But this distribution may be, I would say, pretty close in terms of probability between two words. And sometimes you may pick one or the other, right? Because you're sampling it, right? So, there's always a little bit of that sampling randomness. And it will hallucinate when the empirical probability of these words are very, very low. That means, there's not a lot of prior data existing. Then it's probably not going to predict that next word very well, right? But it's still going to generate-- sample the next word from some distribution.

But that distribution, even the most likely word may have a really low probability anyway. I would say that it could be a feature or a bug, depending on how you look at it. Because I think in a lot of these creative domains, such as if you're trying to generate art or some kind of music or stories or something like that, you wanted to create something that's new that never existed before, right? That's something that you want, right? You don't want it to create something that already exists.

So, I think it could be a feature if you look at it that way, but very often, we want these AI to give us a definite answer, right? And these are what I call fact-based applications, right? It would be a bug. And the way that you deal with this hallucination in this type of fact-based application is that you use something called retrieval augmented generation, right? So these are a very robust mechanism for what we call grounding, right?

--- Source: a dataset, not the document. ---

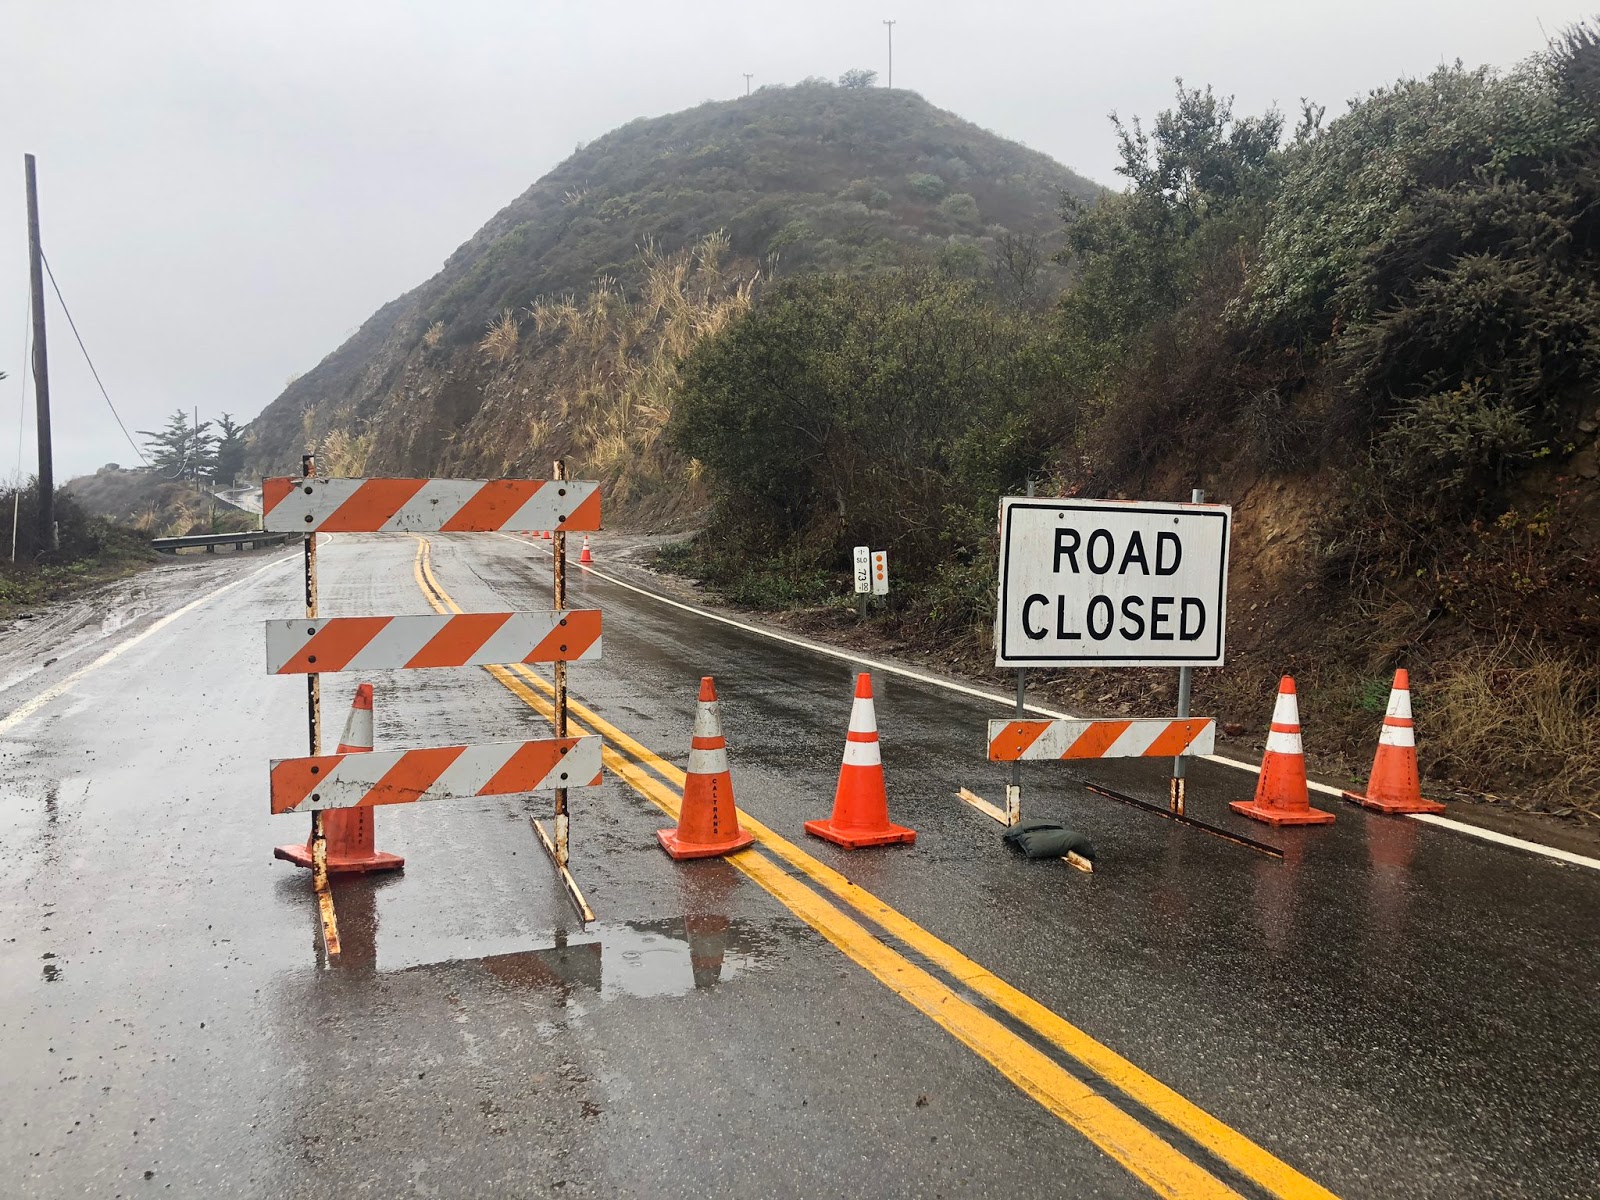 John Chiv Part of Hwy 1 in Central California closed due to adverse

Grounding is just any process that you use to essentially ground these generative AI so that it limits hallucination. There's nothing that will guarantee 100% eliminate hallucination, because if you do that, you don't have a generative anymore. You basically cannot generate anything new that never existed before, then you might as well just go back to your old search engine, right? And you have to have some knowledge to be able to tell that they're not real, right?

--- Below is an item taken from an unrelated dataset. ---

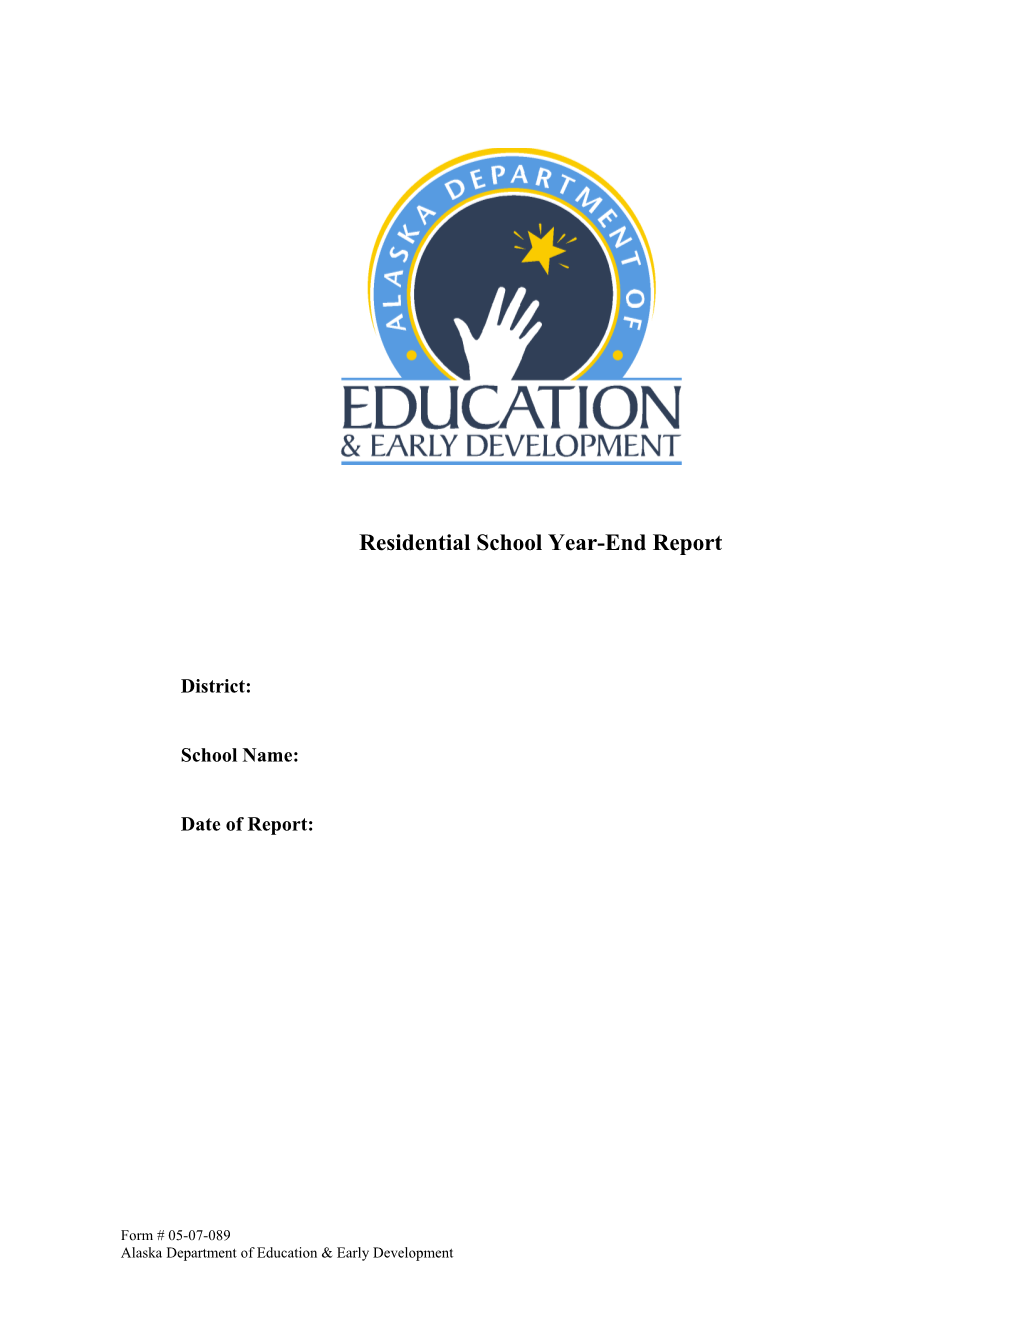 Residential Schoolyear-End Report

And I think this is precisely why I say that you could tell generative AI to write code for you, but you still need the data science background to be able to read those code, make sure that the code is actually doing what you ask it to do. Because it will generate some code, and you will probably be compile. You'll probably have no error, no syntax error, whatsoever. But how do you make sure that it's actually doing what you ask it to do? That, you still need the data science skill, right? So, essentially, humans need to be that guardrail against these type of hallucination.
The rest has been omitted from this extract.